● **Work order**:
Within the entries below, please retype exactly the lines starting with the line that has "ASUSTOR AS6604T Lockerstor" and going on through the line that has "Travel Agency Catalog / Brochure", but not the pictures.

● **Given records**:
——

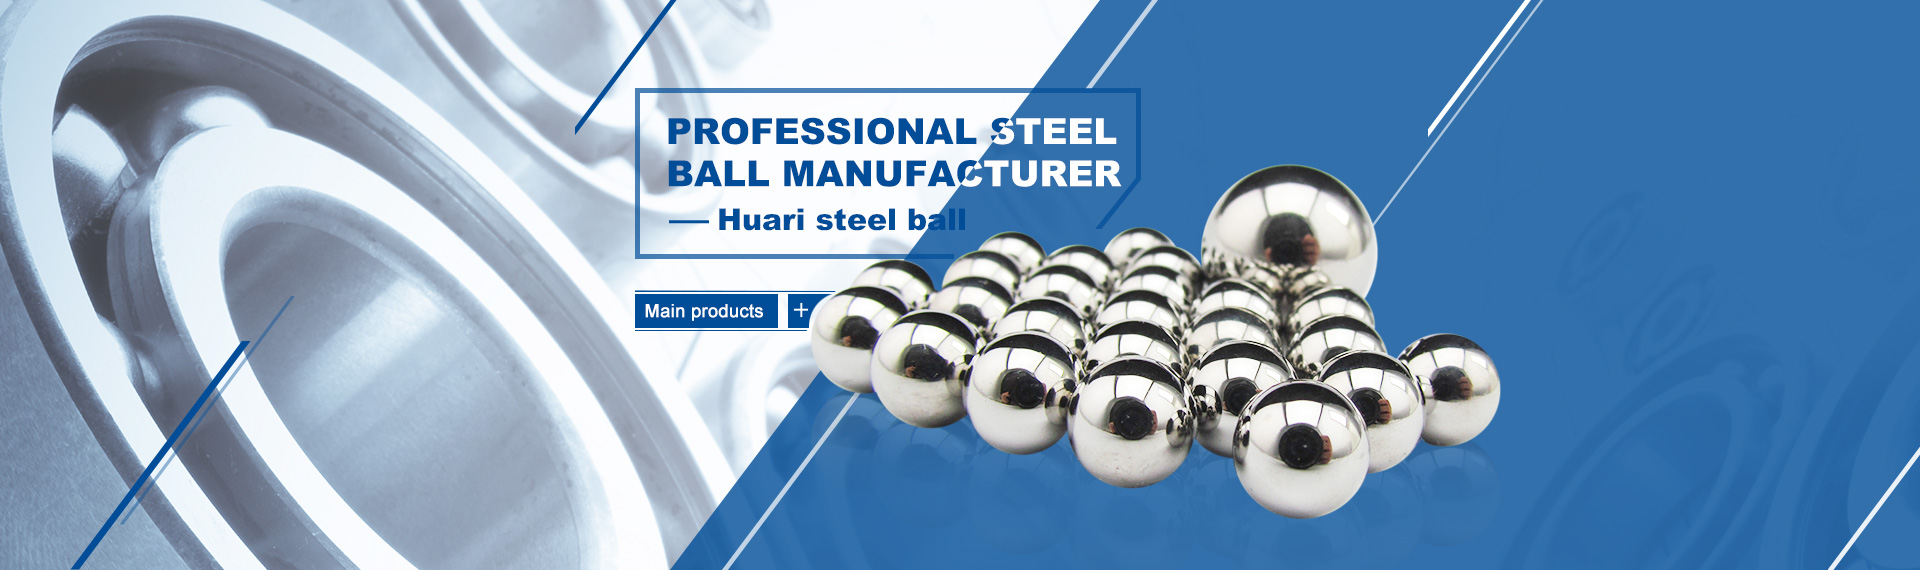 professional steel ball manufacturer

——

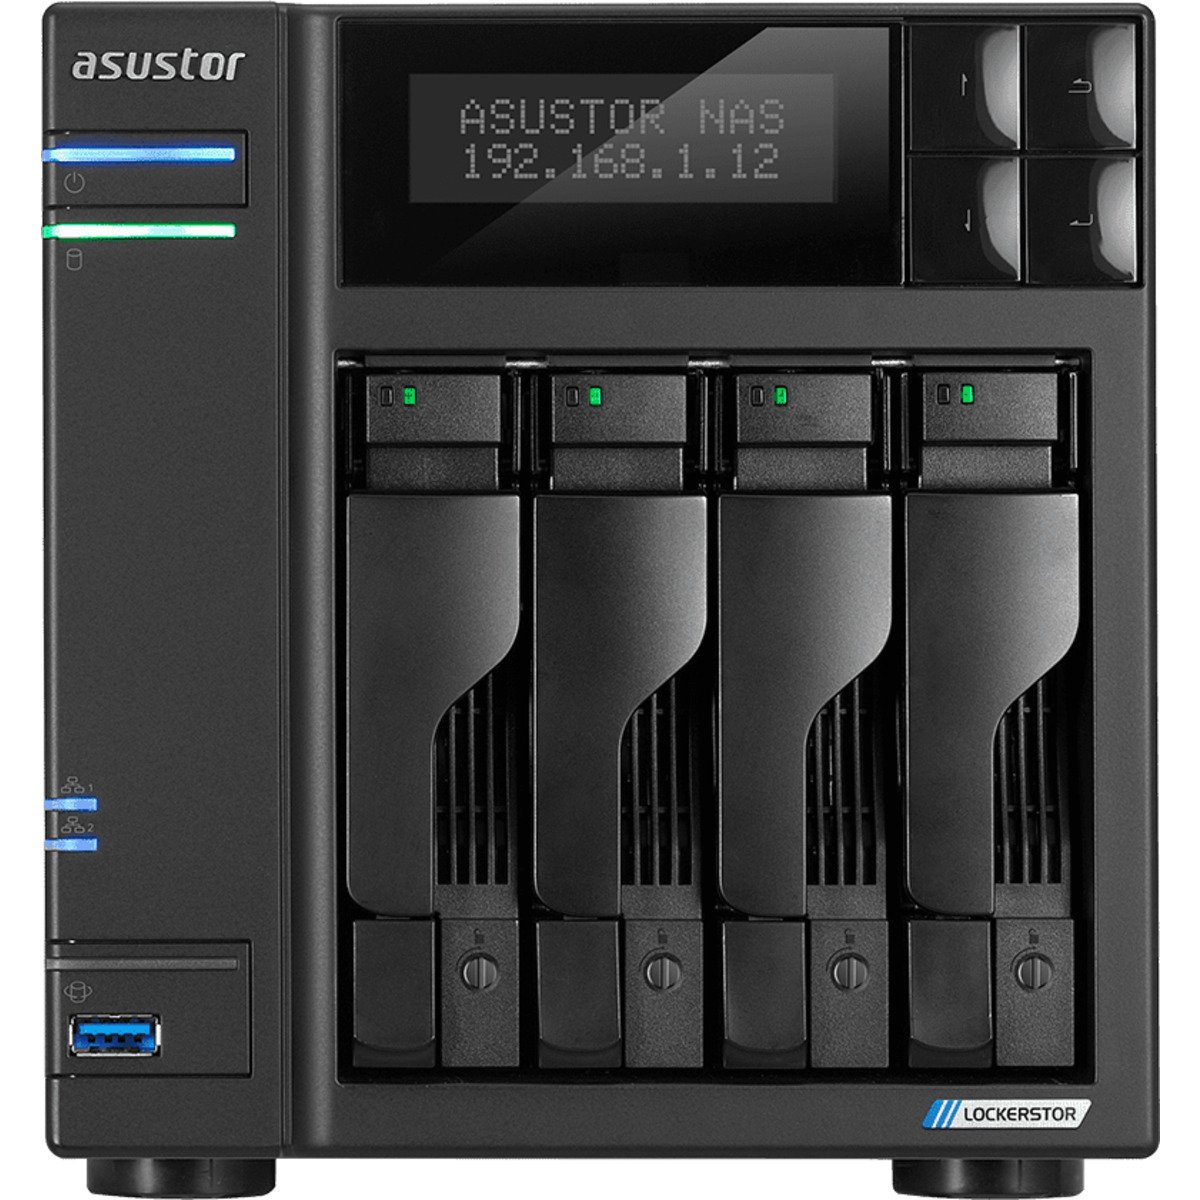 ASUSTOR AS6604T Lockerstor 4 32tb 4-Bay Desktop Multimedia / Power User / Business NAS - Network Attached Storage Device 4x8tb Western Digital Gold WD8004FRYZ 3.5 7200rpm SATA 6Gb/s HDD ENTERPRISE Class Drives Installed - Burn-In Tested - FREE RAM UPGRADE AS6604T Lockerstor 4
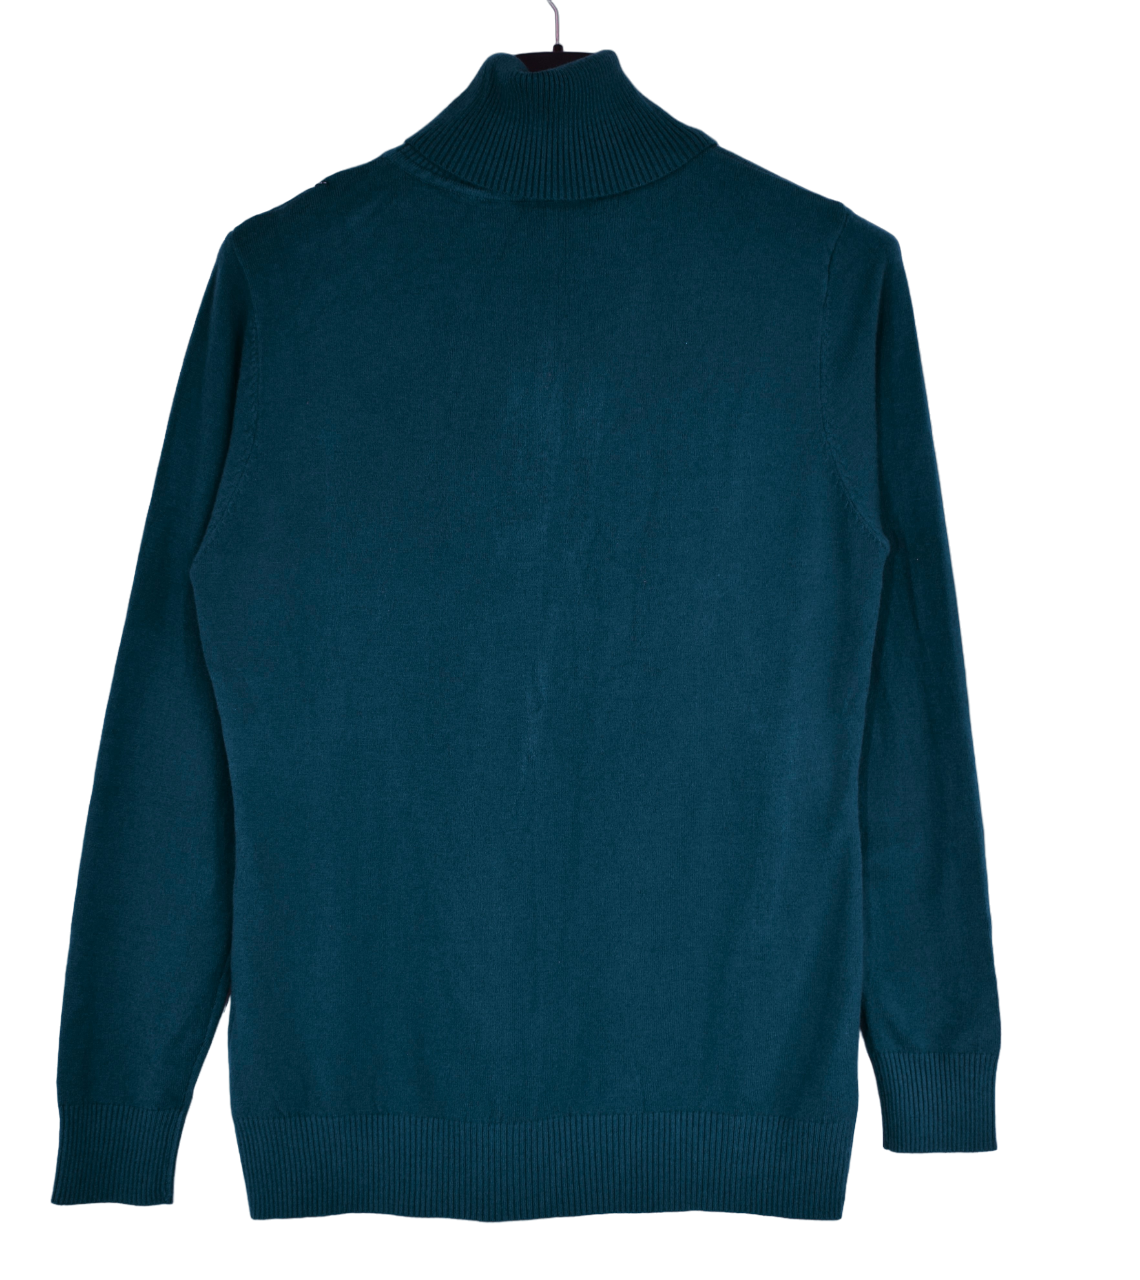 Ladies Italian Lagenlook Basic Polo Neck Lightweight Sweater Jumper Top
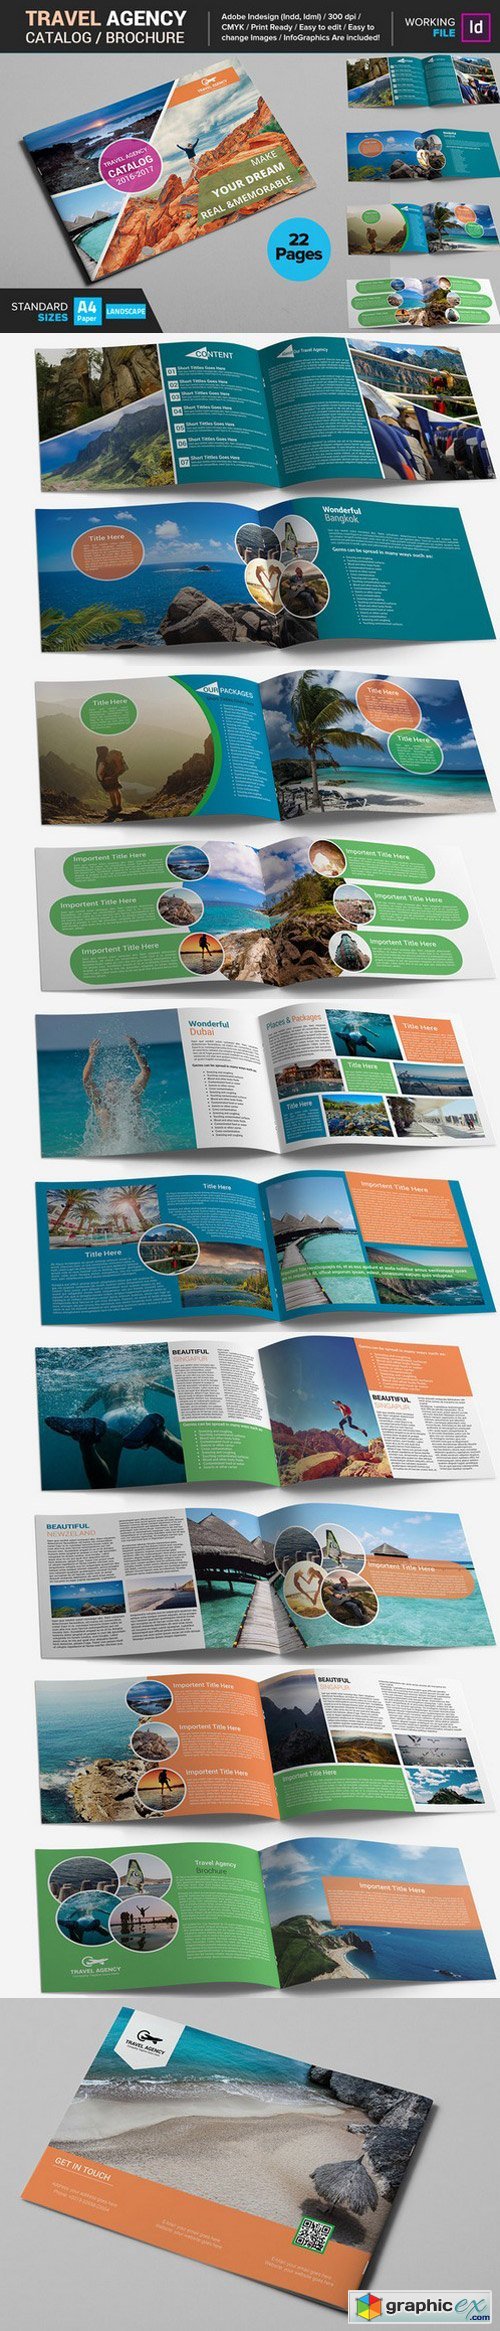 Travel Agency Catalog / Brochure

——

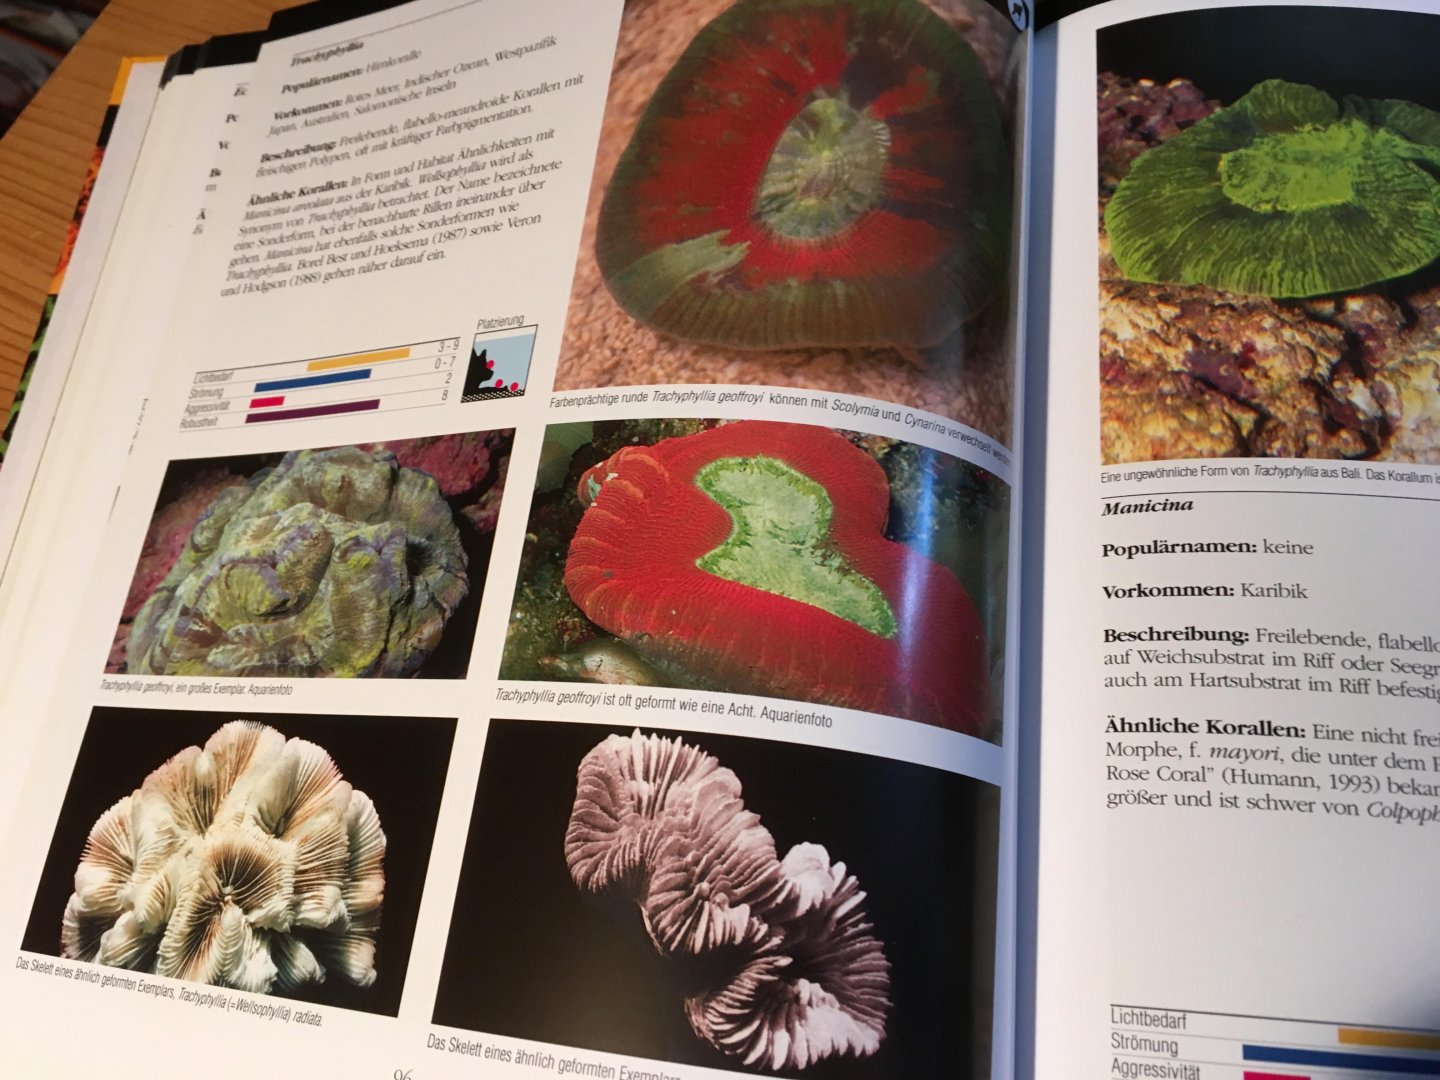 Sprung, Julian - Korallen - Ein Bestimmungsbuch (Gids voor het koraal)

——

● **Exercise output**:
 ASUSTOR AS6604T Lockerstor 4 32tb 4-Bay Desktop Multimedia / Power User / Business NAS - Network Attached Storage Device 4x8tb Western Digital Gold WD8004FRYZ 3.5 7200rpm SATA 6Gb/s HDD ENTERPRISE Class Drives Installed - Burn-In Tested - FREE RAM UPGRADE AS6604T Lockerstor 4
 Ladies Italian Lagenlook Basic Polo Neck Lightweight Sweater Jumper Top
 Travel Agency Catalog / Brochure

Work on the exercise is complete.